CAMBRIDGE, Mass. & CARLSBAD, Calif.--(BUSINESS WIRE)--Genzyme
Corp. (NASDAQ: GENZ) and Isis
Pharmaceuticals Inc. (NASDAQ: ISIS) today announced that the phase 3
study of mipomersen in patients with heterozygous familial
hypercholesterolemia (heFH) met its primary endpoint with a highly
statistically significant 28 percent reduction in LDL-cholesterol after
26 weeks of treatment, compared with an increase of 5 percent for
placebo.
“The average reduction in LDL-C of 28 percent in these high-risk,
difficult-to-treat patients with severe inherited high cholesterol is
very encouraging”
All of the 124 patients in the study had pre-existing coronary artery
disease, were taking a maximally tolerated dose of a statin and in many
cases additional lipid-lowering drugs. Patients’ average LDL-C at
baseline was 150 mg/dL. Patients treated with mipomersen had an average
LDL-C level of 104 mg/dL at the end of the study. Forty-five percent of
the mipomersen-treated patients achieved LDL-C levels of less than 100
mg/dL, a recognized treatment goal for high-risk patients. The
reductions observed in the study were in addition to those achieved with
the patients’ existing therapeutic regimens.
“The average reduction in LDL-C of 28 percent in these high-risk,
difficult-to-treat patients with severe inherited high cholesterol is
very encouraging,” said Evan A. Stein, M.D., Ph.D., Director of the
Metabolic & Atherosclerosis Research Center, Cincinnati, Ohio, and an
investigator on the study. “The nearly 50 mg/dL additional decrease in
LDL-C when added to maximally tolerated statin therapy is above what we
have seen with any other agent in this population, and the side effect
profile of mipomersen continues to be acceptable.”
The trial also met each of its three secondary endpoints with
statistically significant reductions in apo-B, total cholesterol, and
non-HDL-cholesterol. Study results are based on an intent-to-treat
analysis (full analysis set). Data will be submitted for presentation at
a future medical meeting.
“We are excited by these strong data in the second phase 3 trial of
mipomersen,” said Genzyme Chief Medical Officer Richard A. Moscicki,
M.D. “This therapy has the potential to make a major difference in the
lives of patients who are in great need of new treatment options. With
these data, we remain on-track with our development plan for mipomersen.”
There were no new areas of safety concerns identified in the trial. Of
the 83 patients treated with mipomersen, 73 completed the study; nine of
the discontinuations were related to adverse events. Consistent with
previous studies evaluating mipomersen, the most commonly observed
adverse events were injection site reactions and flu-like symptoms.
As in other mipomersen trials, elevations in liver transaminases were
observed that were similar in magnitude and duration to those seen in
other studies.
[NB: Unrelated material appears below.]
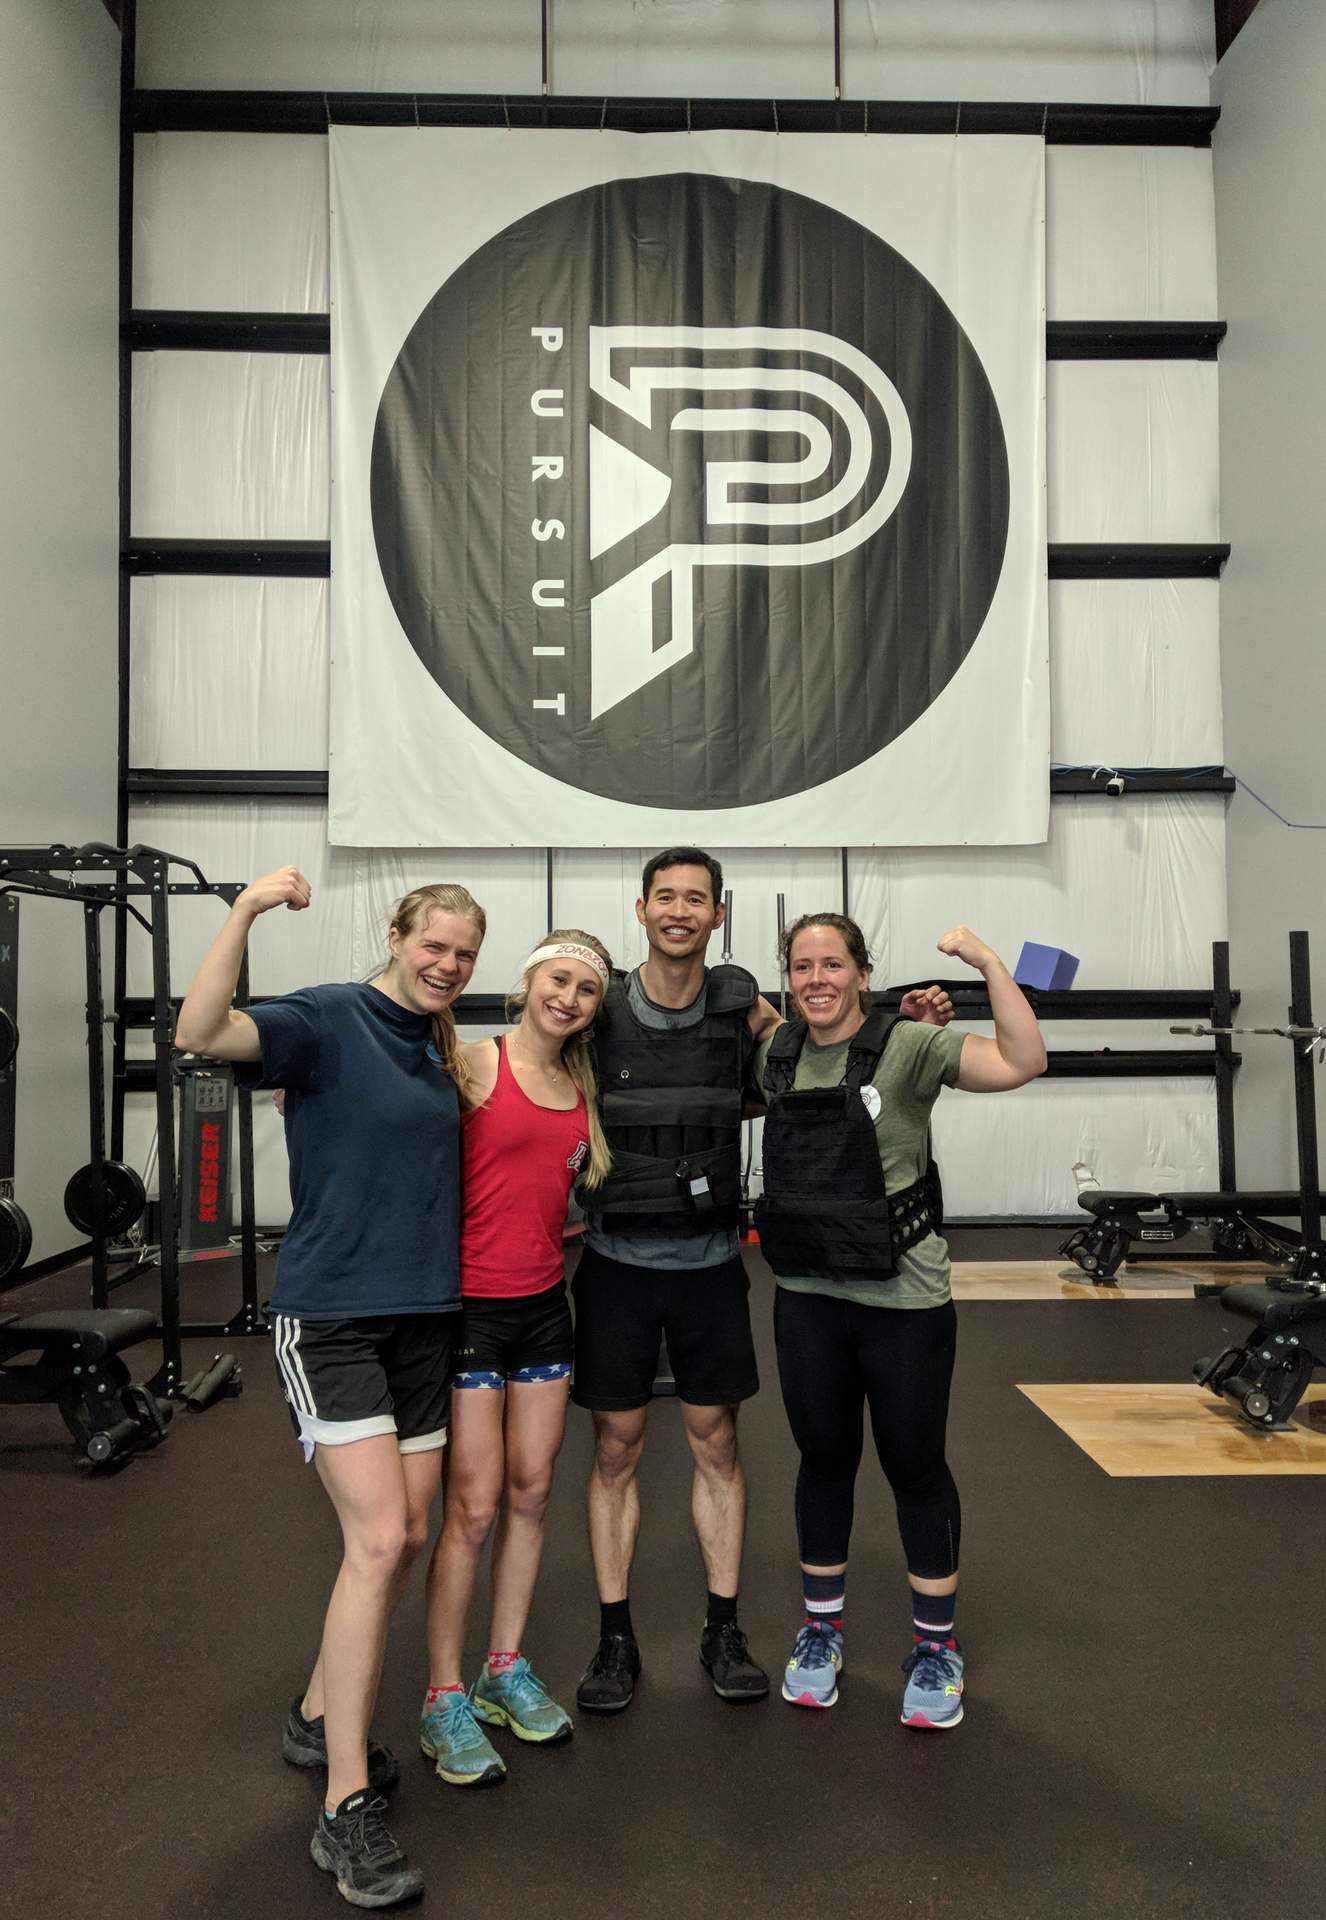 Evelyn, Emily, Felix, and Jennifer after completing the Murph Challenge.

None of these patients had changes in other laboratory
tests to indicate hepatic dysfunction, and there were no Hy’s Law cases.
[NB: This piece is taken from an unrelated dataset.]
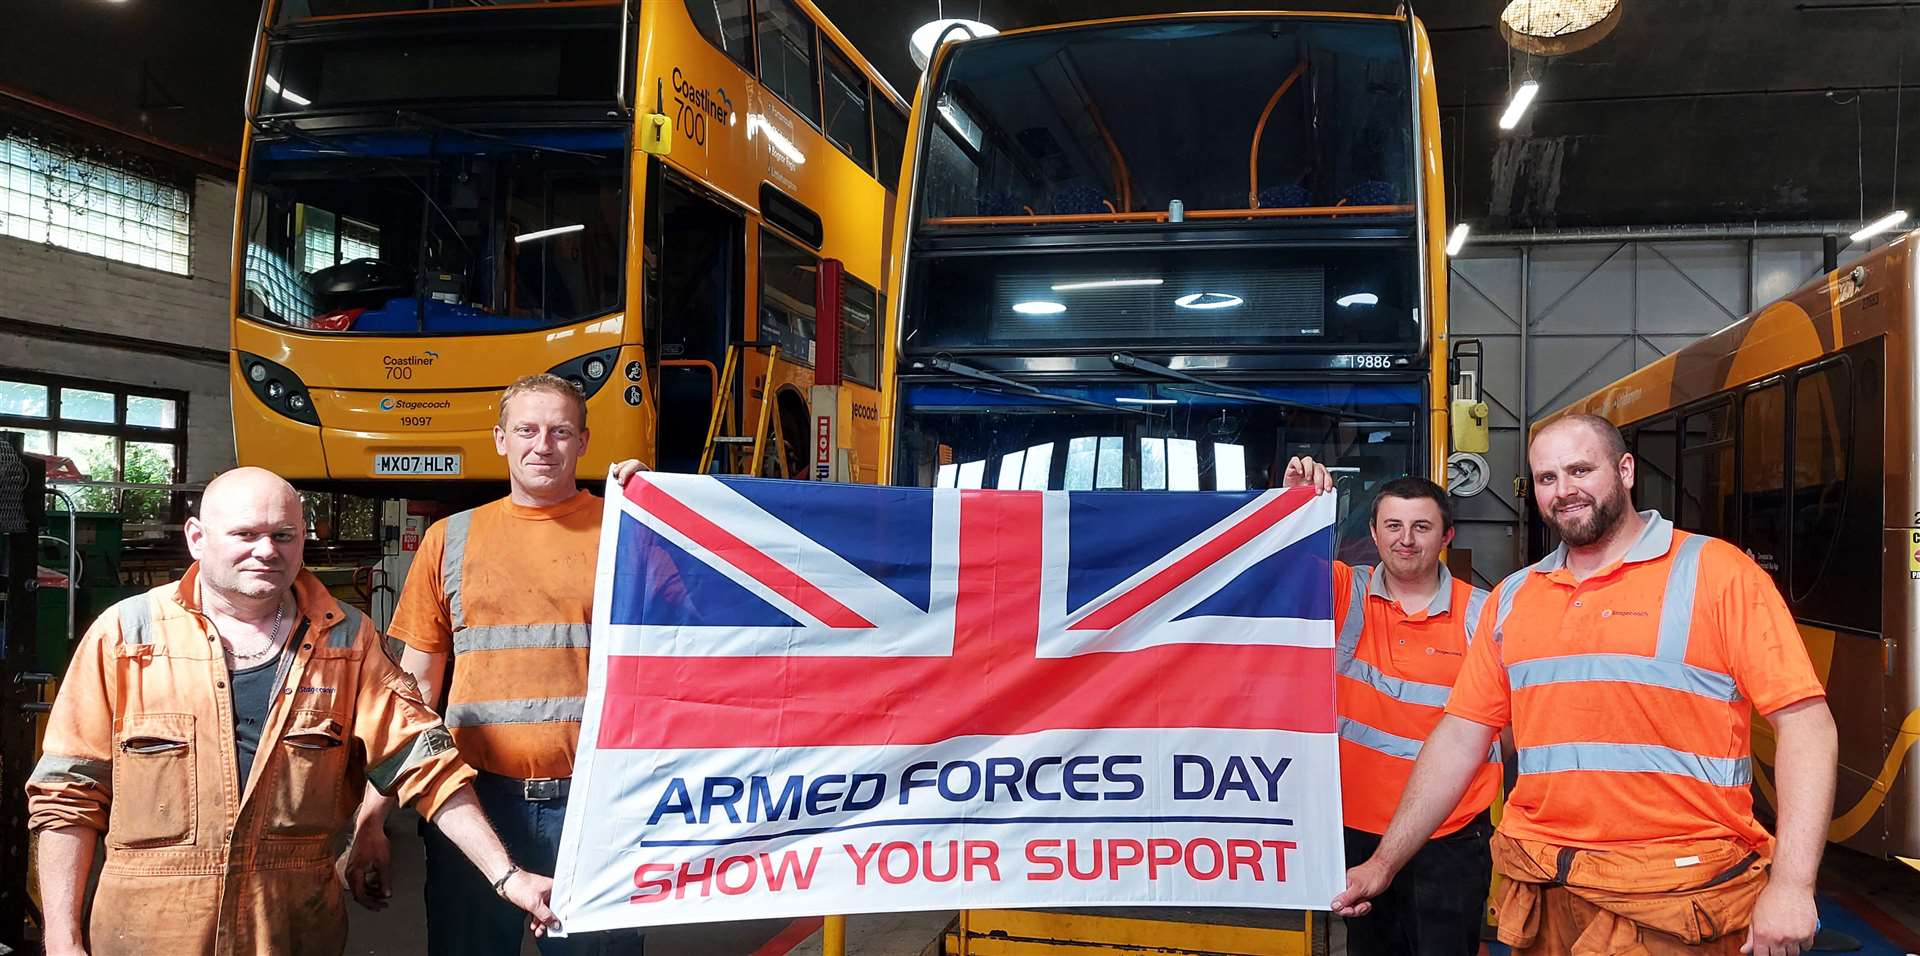 Stagecoach is offering free travel to veterans and cadets in support of Armed Forces Day.

“Mipomersen has again delivered positive results with this second phase
3 study, and continues to make progress toward the market,” said Stanley
Crooke, Chairman and Chief Executive Officer of Isis Pharmaceuticals.
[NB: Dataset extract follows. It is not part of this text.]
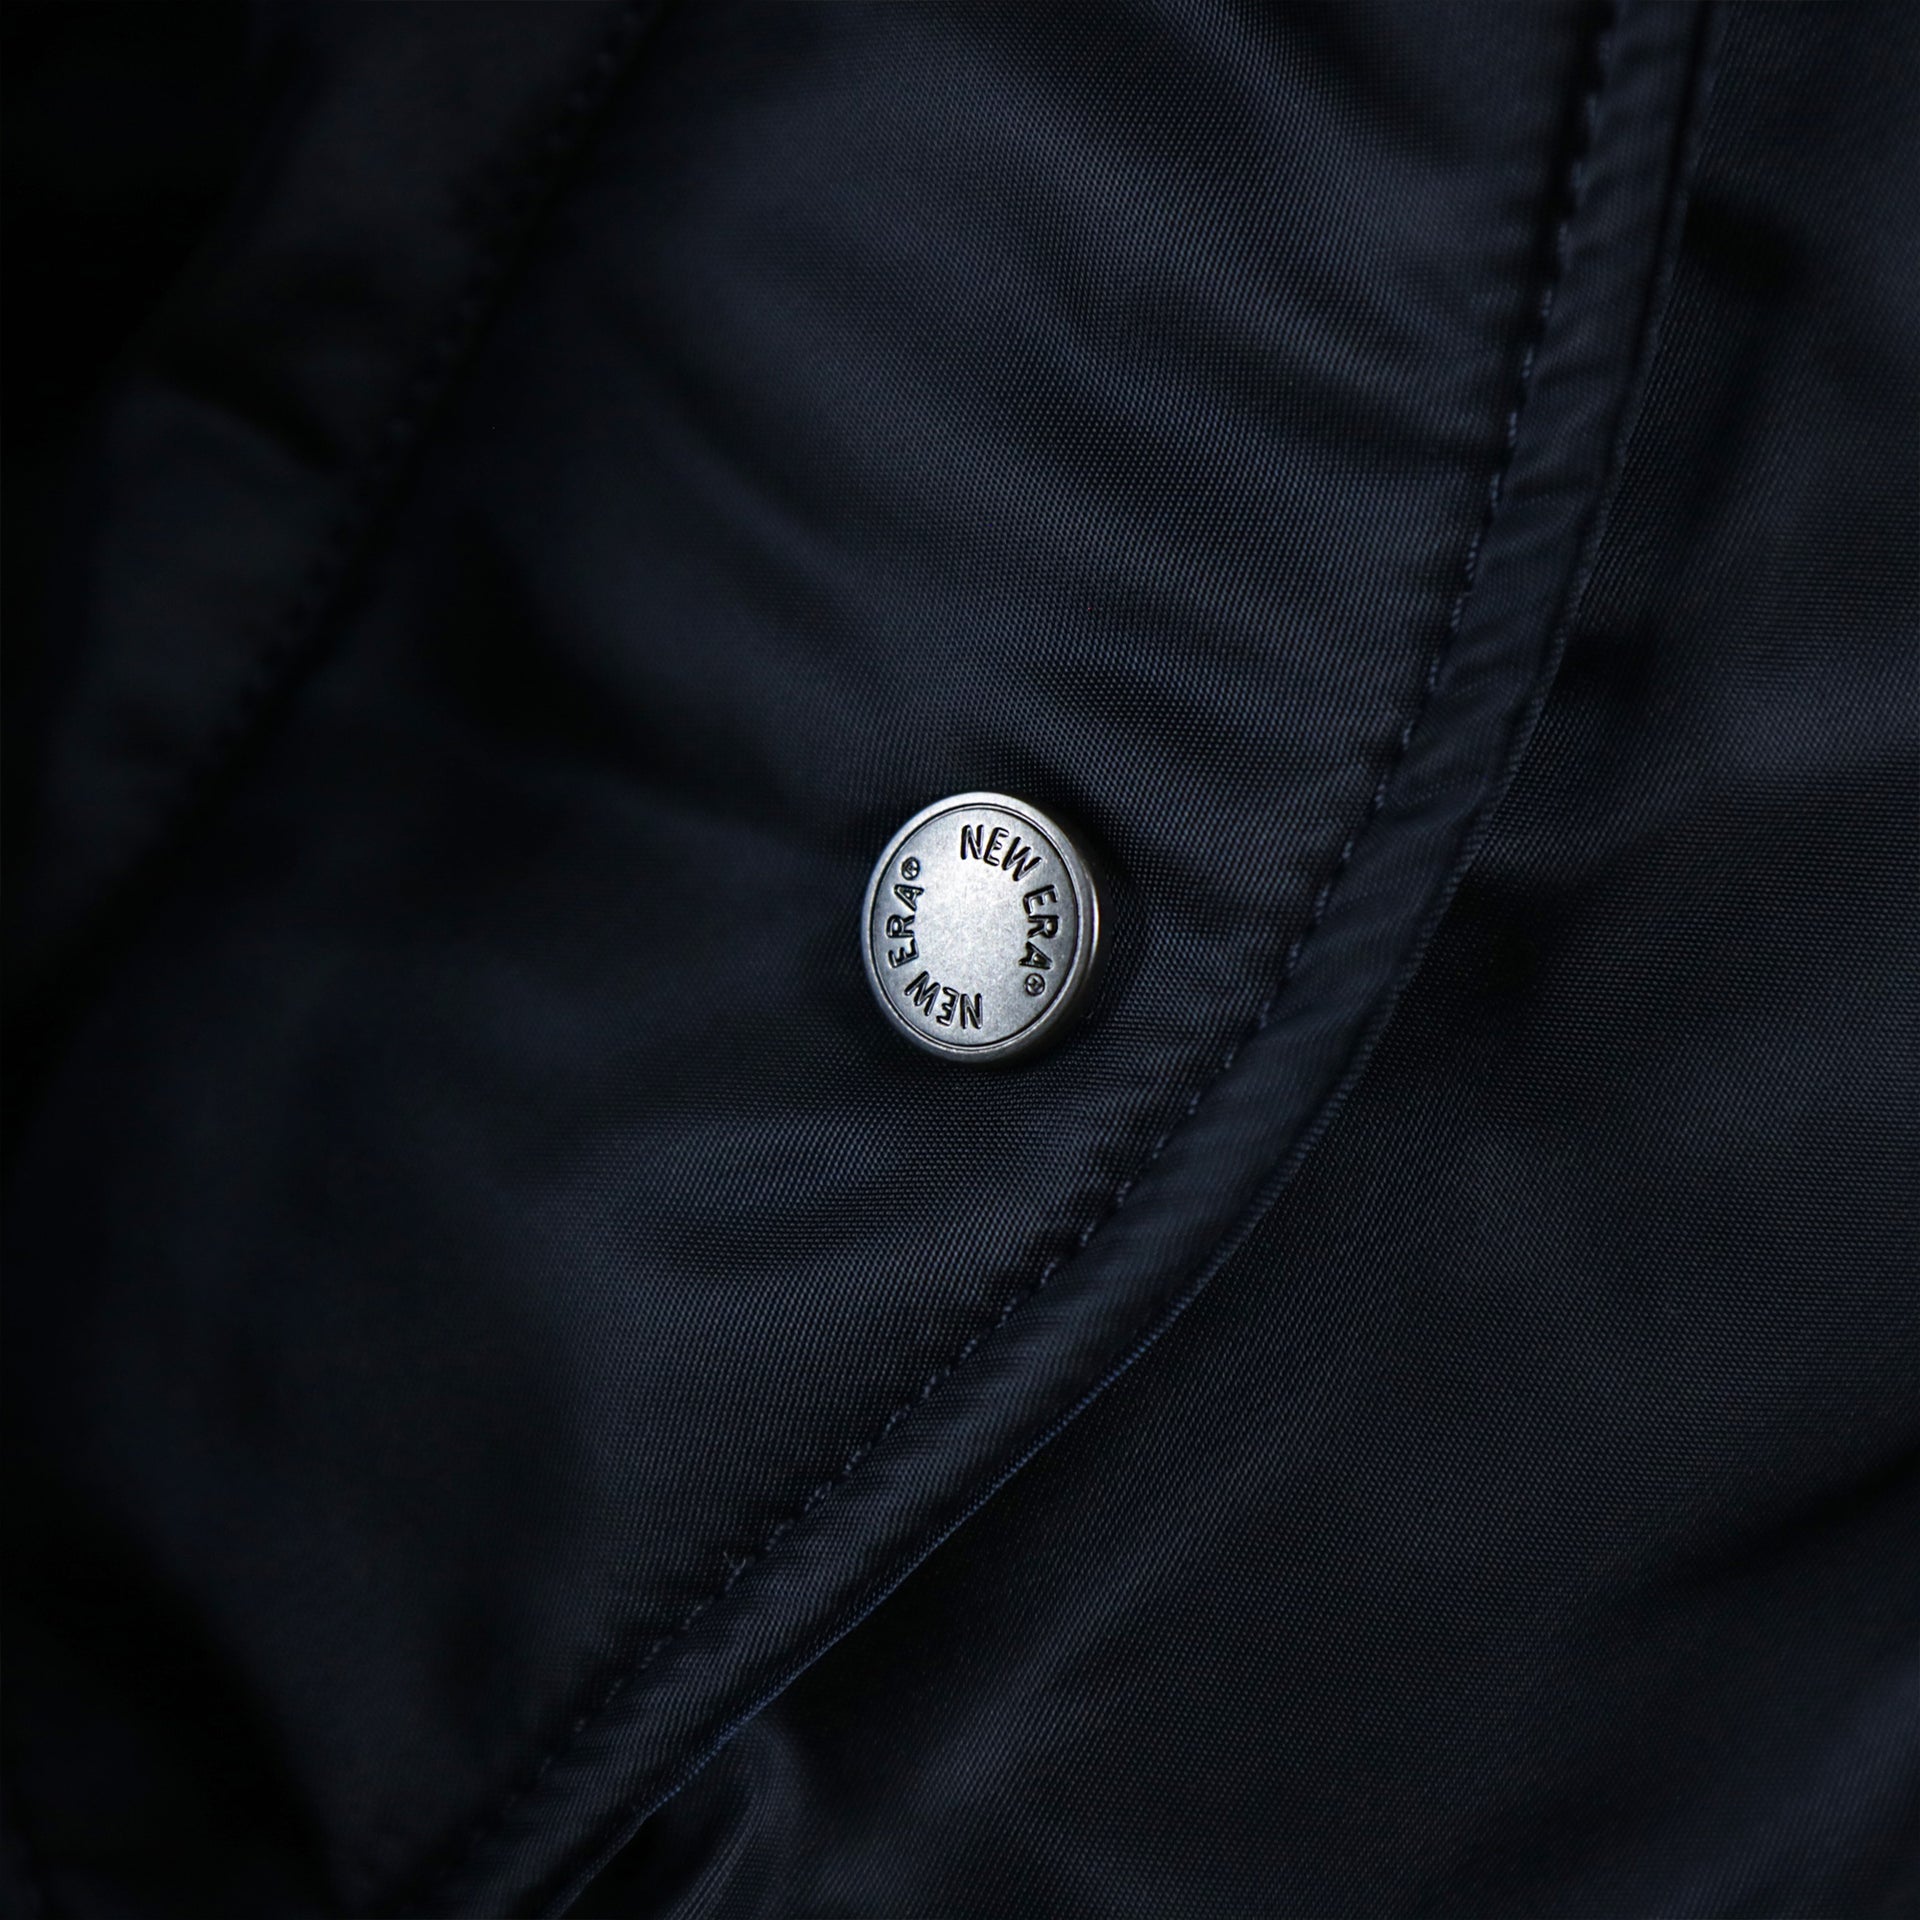 The Custom Metal Buttons With New Era Wordmark on the Atlanta Braves MLB Patch Alpha Industries Reversible Bomber Jacket With Camo Liner | Navy Blue Bomber Jacket

“Mipomersen represents the power of antisense technology and reflects
our commitment to innovation and technological advancement to create
potent and specific drugs to help people lead healthier and more hopeful
lives.”
The study was a randomized, double-blind, placebo-controlled trial that
enrolled 124 heFH patients, aged 18 and older with LDL-C levels greater
than 100 mg/dL. Patients were randomized 2:1 to receive a 200 mg dose of
mipomersen or placebo weekly for 26 weeks. The trial was conducted at 26
sites in the United States and Canada.
Late-Stage Development Plan
Genzyme’s initial U.S. and E.U. regulatory filings for mipomersen will
seek marketing approval for the treatment of patients with homozygous FH
(hoFH). The phase 3 study of mipomersen in hoFH met its primary endpoint
with a 25 percent reduction in LDL-C, and results were presented at the
annual American Heart Association meeting in November. In the first half
of 2011, Genzyme expects to file for U.S. and E.U. approval of the
treatment and to have made progress toward filing in other major
international markets.
These two filings may also include patients with severe
hypercholesterolemia. A phase 3 study of mipomersen in patients with
severe hypercholesterolemia is fully enrolled with 58 patients and data
are anticipated in mid-2010. The companies have also completed
enrollment in a phase 3 trial involving 158 hypercholesterolemic
patients at high risk for coronary heart disease, and data are
anticipated in mid-2010.
About Mipomersen
Mipomersen is a first-in-class apo-B synthesis inhibitor currently in
late-stage development. It is intended to reduce LDL-C by preventing the
formation of atherogenic lipids. It acts by decreasing the production of
apo-B, which provides the structural core for all atherogenic lipids,
including LDL-C, which carry cholesterol through the bloodstream.
About Familial Hypercholesterolemia
FH is a genetic disorder that results in elevated LDL cholesterol
levels. FH patients are unable to properly metabolize LDL-C due to
dysfunctional LDL receptors, which are responsible for clearing LDL from
plasma. These patients experience a markedly increased risk of premature
cardiovascular disease (CVD) and CVD-related death.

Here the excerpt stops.